Blog
DeepSeek-OCR Explained: Optical Compression for Scalable Long-Context and RAG Systems

DeepSeek-OCR Explained: Optical Compression for Scalable Long-Context and RAG Systems

Oct 23, 20258 min read

Large language models (LLMs) still struggle when processing long contexts. Handling long text consumes a lot of computing power, increases latency, and often reduces output quality. Despite many optimization efforts, the results have remained unsatisfactory.

To tackle this problem, DeepSeek introduced DeepSeek-OCR, an open-source model that compresses long contexts using optical 2D mapping. Instead of feeding raw text into the model, it converts pages of text into images and treats those images as visual tokens. One image can contain as much information as thousands of text tokens, allowing the model to handle long documents with far fewer resources.

The idea is both clever and straightforward. By using visual representations, DeepSeek-OCR maintains high accuracy while reducing computation. This could be a turning point—not only for handling long contexts for LLMs but also for RAG systems, which have long struggled with high costs and limited context windows.

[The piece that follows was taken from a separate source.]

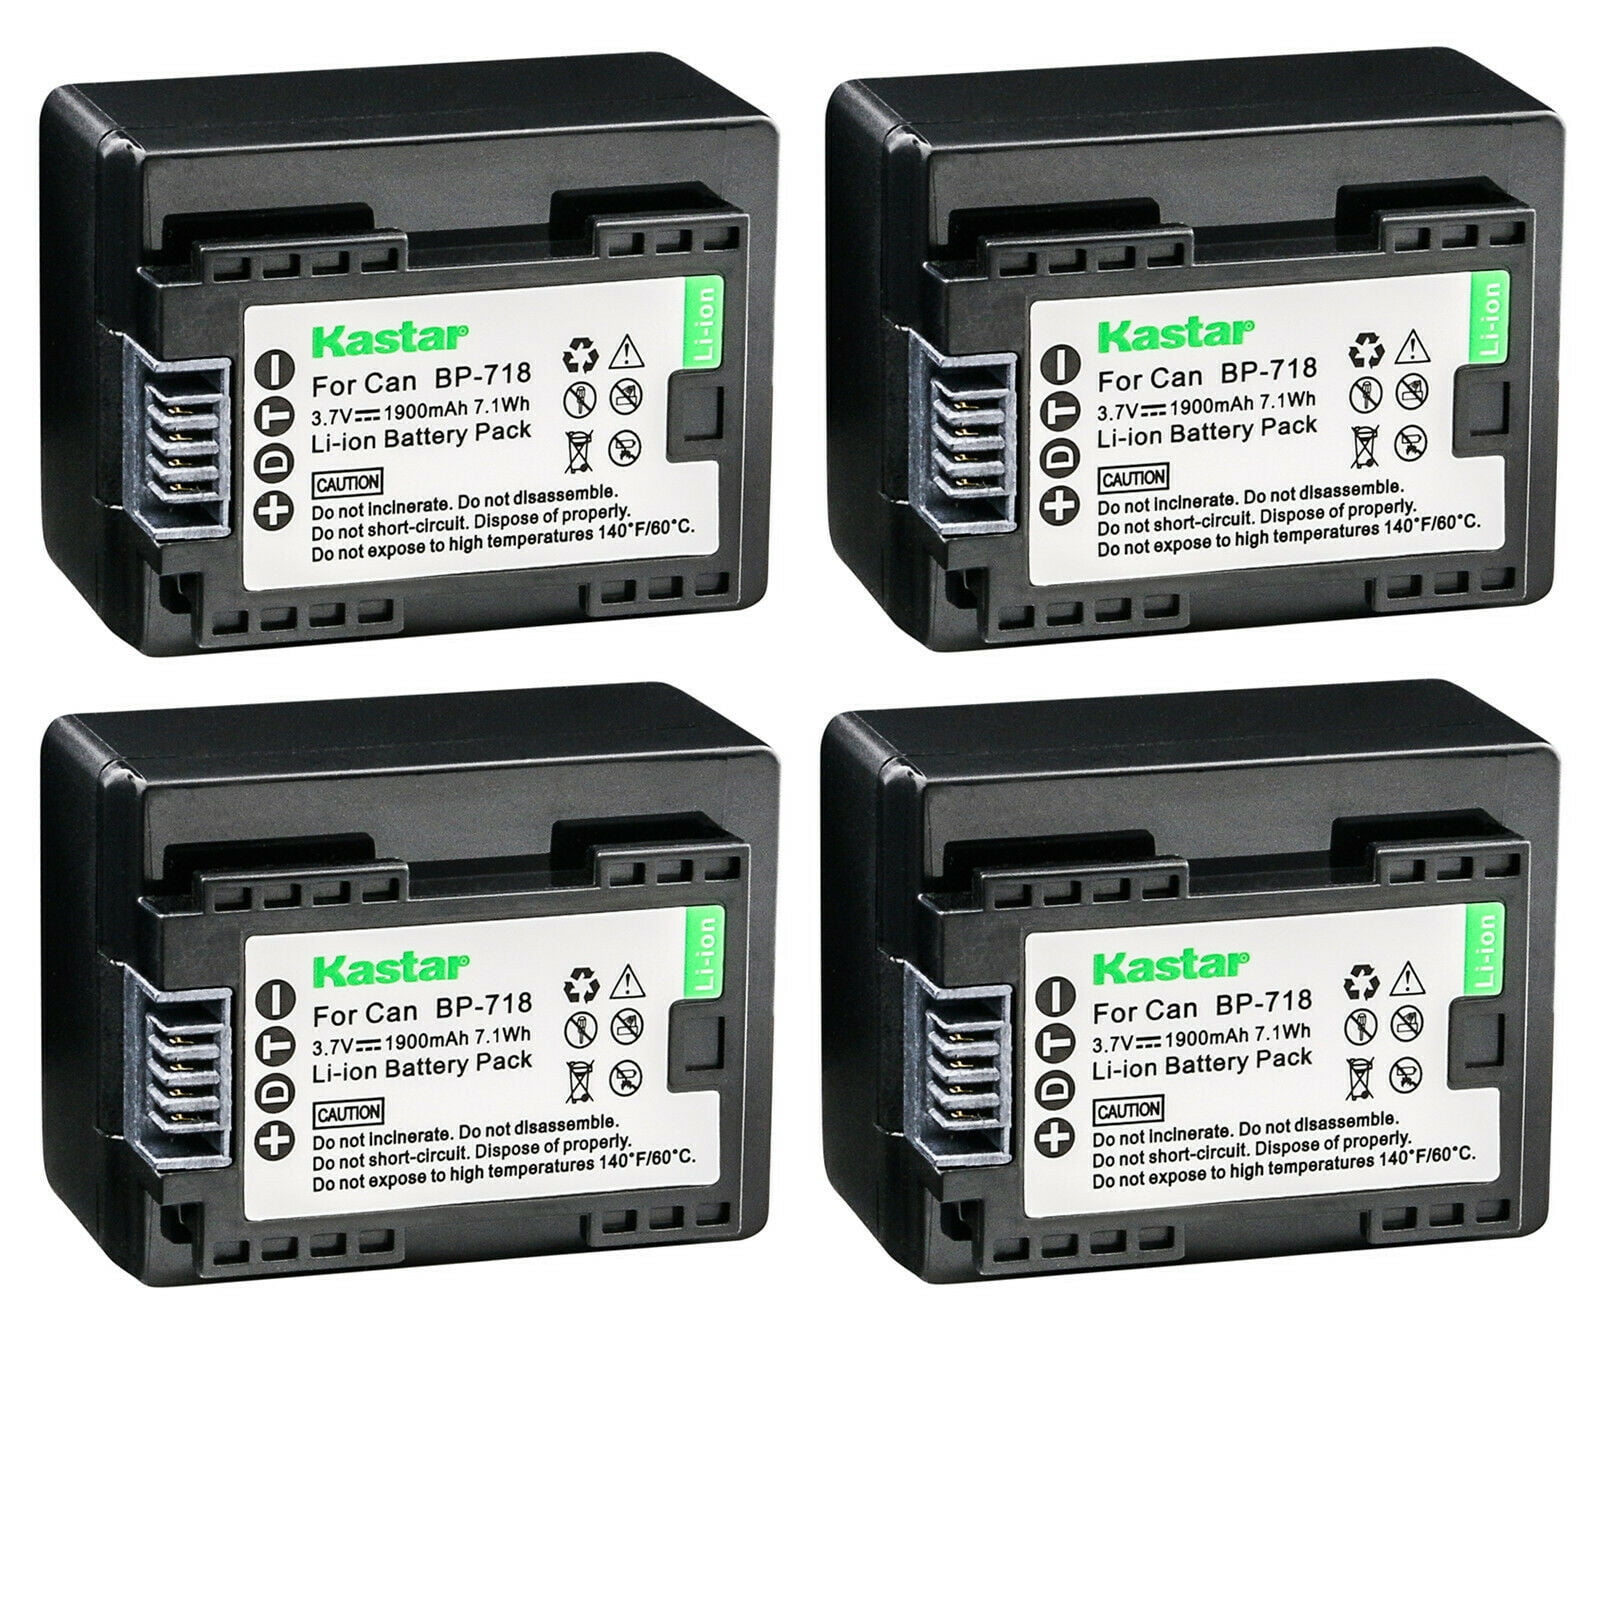 Kastar 4-Pack BP-718 Battery 3.7V 1900mAh Replacement for Canon VIXIA HF R600 HFR600, VIXIA HF R700 HFR700, VIXIA HF R800 HFR800, LEGRIA HF M36 HFM36, LEGRIA HF M38 HFM38, LEGRIA HF

In the sections ahead, I’ll explain how DeepSeek-OCR works and explore how this “optical compression” approach might shape the next generation of LLMs and RAG systems.

The Traditional Way LLMs Handle Text — and Its Core Limitations

To understand why DeepSeek-OCR is such a big deal, it helps to first understand how large language models (LLMs) traditionally handle text and its limitations. LLMs don’t read words or sentences the way humans do—they process tokens, which are small units of text, such as words, subwords, or even characters. When a model receives input, it converts the text into a long sequence of these tokens. The self-attention mechanism then compares every token with every other token to understand context and meaning. This method works well for short passages but quickly becomes inefficient as the sequence grows longer.

Quadratic Compute Costs

That inefficiency is rooted in the math: the computational cost of self-attention increases quadratically (O(n²)) with the number of tokens. If an input grows from 1,000 to 10,000 tokens, the number of attention operations increases by a factor of 100. Even top-tier GPUs can hit memory limits or inference timeouts when faced with such workloads.

Flattened Attention: Losing Focus in Long Contexts

The problem doesn’t stop there. As sequences stretch, the model’s attention weights tend to flatten—spreading too evenly across the text or focusing only on the beginning and end. This loss of focus hurts accuracy and relevance, no matter how much compute you throw at it.

Inefficiency in Multimodal and Structured Text

Text tokens also fall short in multimodal or structured document tasks such as PDFs, slides, or spreadsheets. Once text is tokenized, the layout, tables, and visual structure are lost, even though they carry crucial meaning. Multilingual text adds another layer of complexity: each language requires its own tokenizer with unique segmentation rules. And after all that, even the most aggressive text-based compression rarely goes beyond a modest 1–2× reduction in token count—far from enough for real long-context applications.

DeepSeek-OCR: Powering Long-Context Processing with Contexts Optical Compression

As discussed earlier, the traditional token-based approach faces three hard limits: high computational cost, loss of focus, and loss of document structure when handling multimodal text. DeepSeek-OCR overcomes these challenges by turning text into visual tokens—compressing far more information into fewer elements while preserving meaning and structure.

So how does it work? The key lies in a new paradigm called Contexts Optical Compression. Instead of feeding long streams of text tokens into the model, DeepSeek-OCR first converts the text into images and then encodes those images into compact visual tokens. This process directly addresses the two biggest pain points in LLMs: the high computational cost of long contexts and the loss of document structure during tokenization.

Here’s how it works in three steps:

Render text into structured document images. The original text—along with charts, tables, and equations—is rendered into images that preserve visual layout and semantic cues.
Compress images into visual tokens. A visual encoder transforms each image into a compact representation, reducing the token count by 7–20×, and up to 60× on benchmarks such as OmniDocBench.
Reconstruct text from visual tokens. A language decoder converts these visual tokens back into text with more than 97% recognition accuracy, retaining both meaning and formatting.

This approach works because document images can hold equivalent semantic information with dramatically fewer tokens. At the same time, they inherently preserve layout, symbols, and other non-text elements that ordinary tokenization discards. In effect, DeepSeek-OCR sidesteps the core limitations of text-based LLMs—maintaining structure, semantics, and efficiency all at once.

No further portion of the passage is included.